__TASK BRIEF__: Down to the last line, reproduce the data that follows, but skip the pictures.

__SUPPLIED DATA__:
=== Begin Enclosure ===

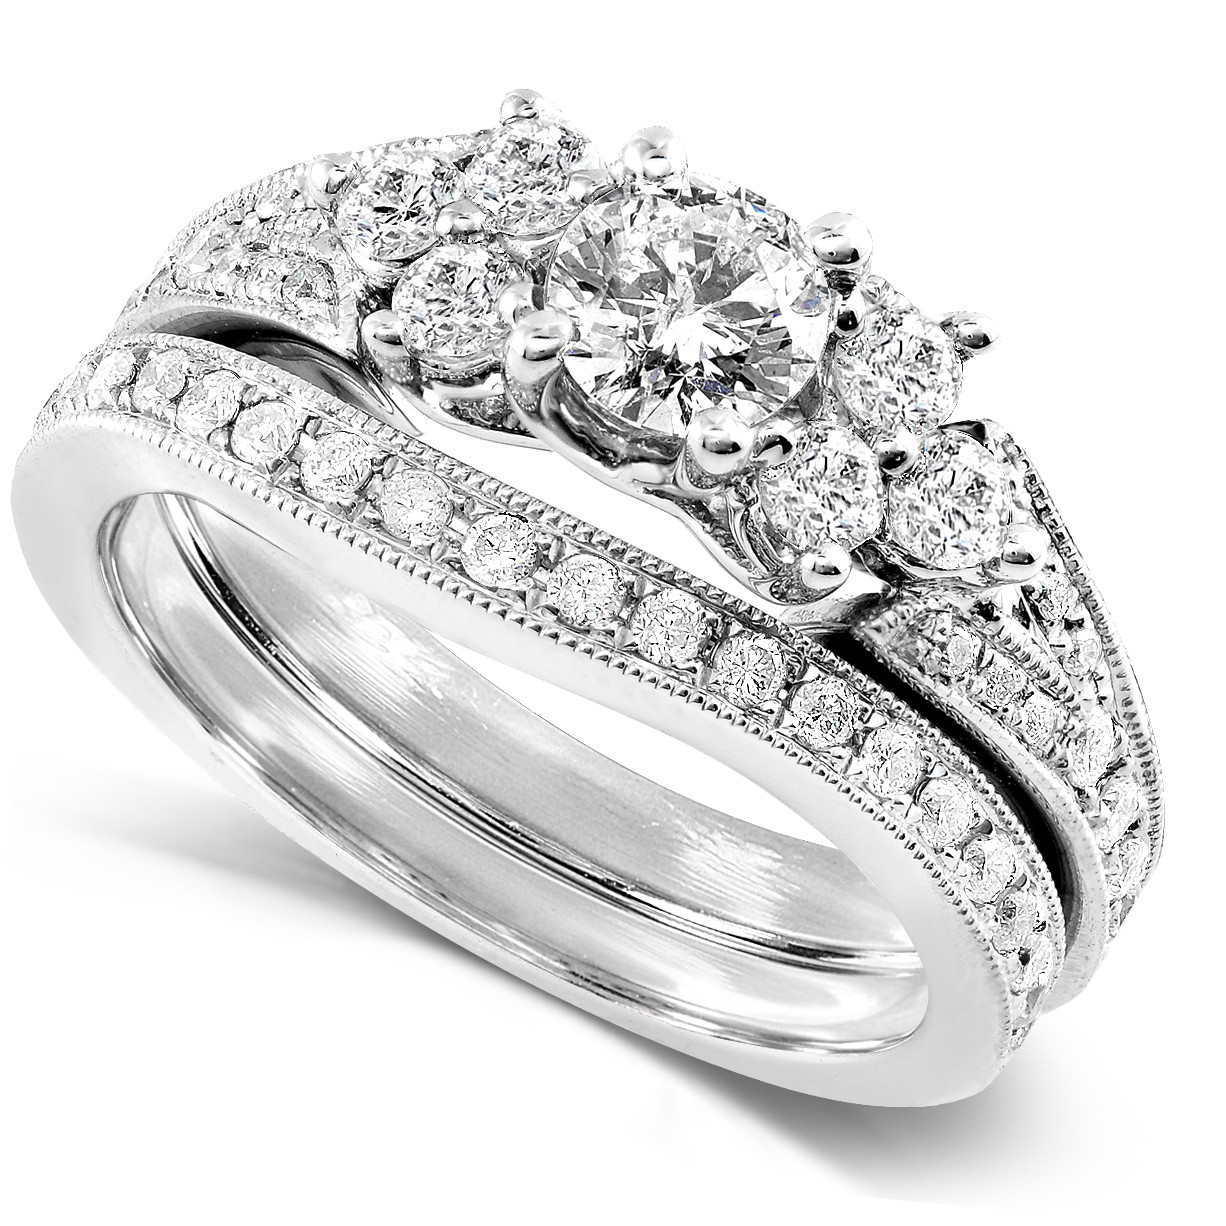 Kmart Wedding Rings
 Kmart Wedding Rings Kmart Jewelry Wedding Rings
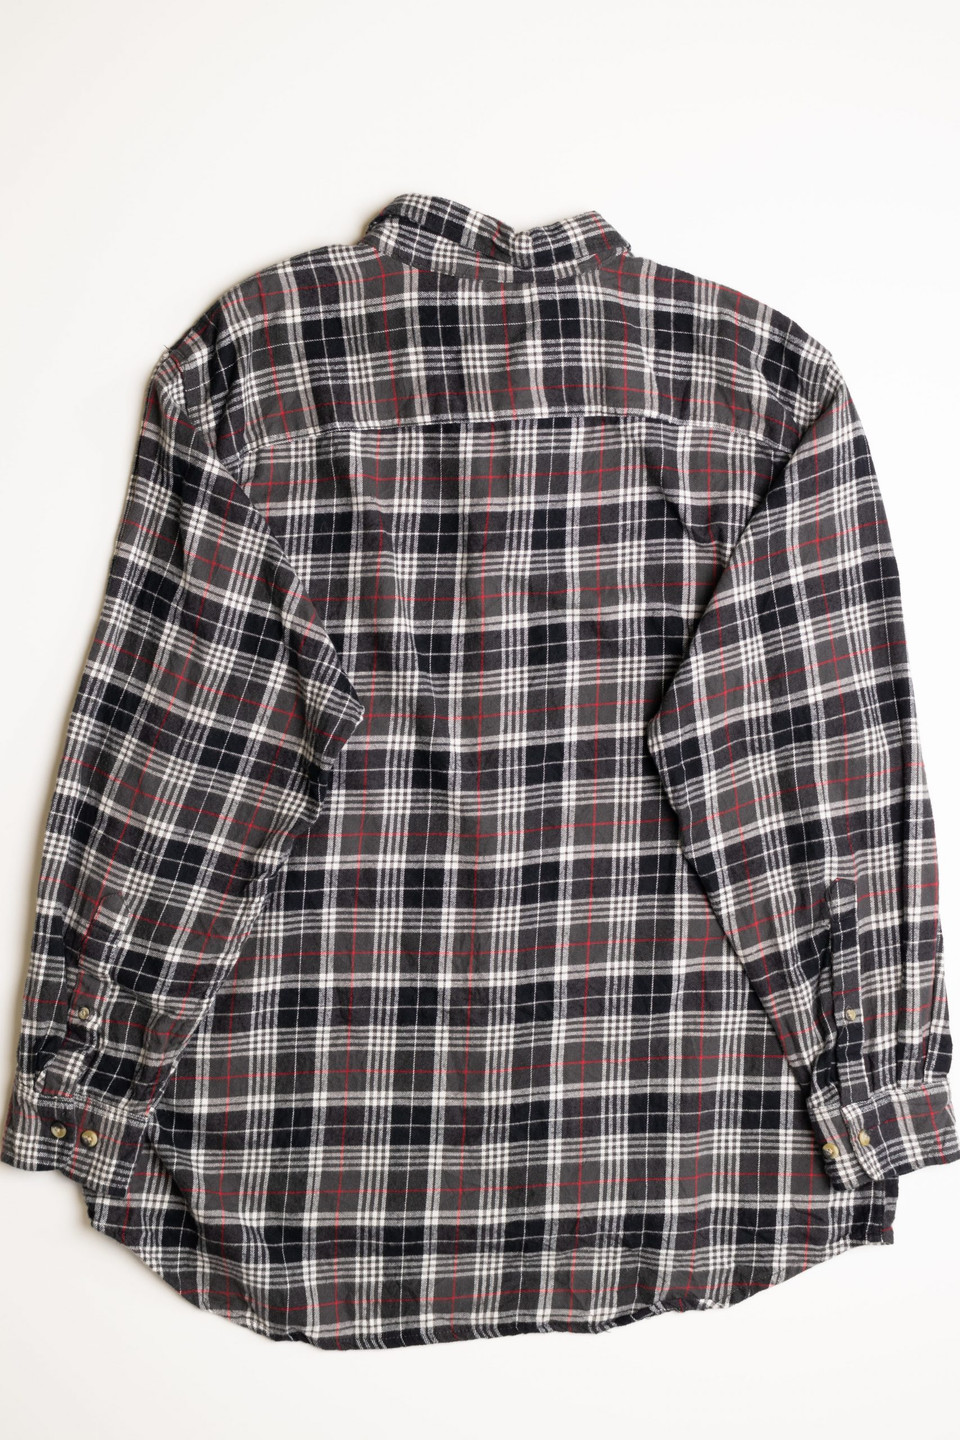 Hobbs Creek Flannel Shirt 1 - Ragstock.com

=== End Enclosure ===

__TASK RESULT__:
 Kmart Wedding Rings
 Kmart Wedding Rings Kmart Jewelry Wedding Rings
 Hobbs Creek Flannel Shirt 1 - Ragstock.com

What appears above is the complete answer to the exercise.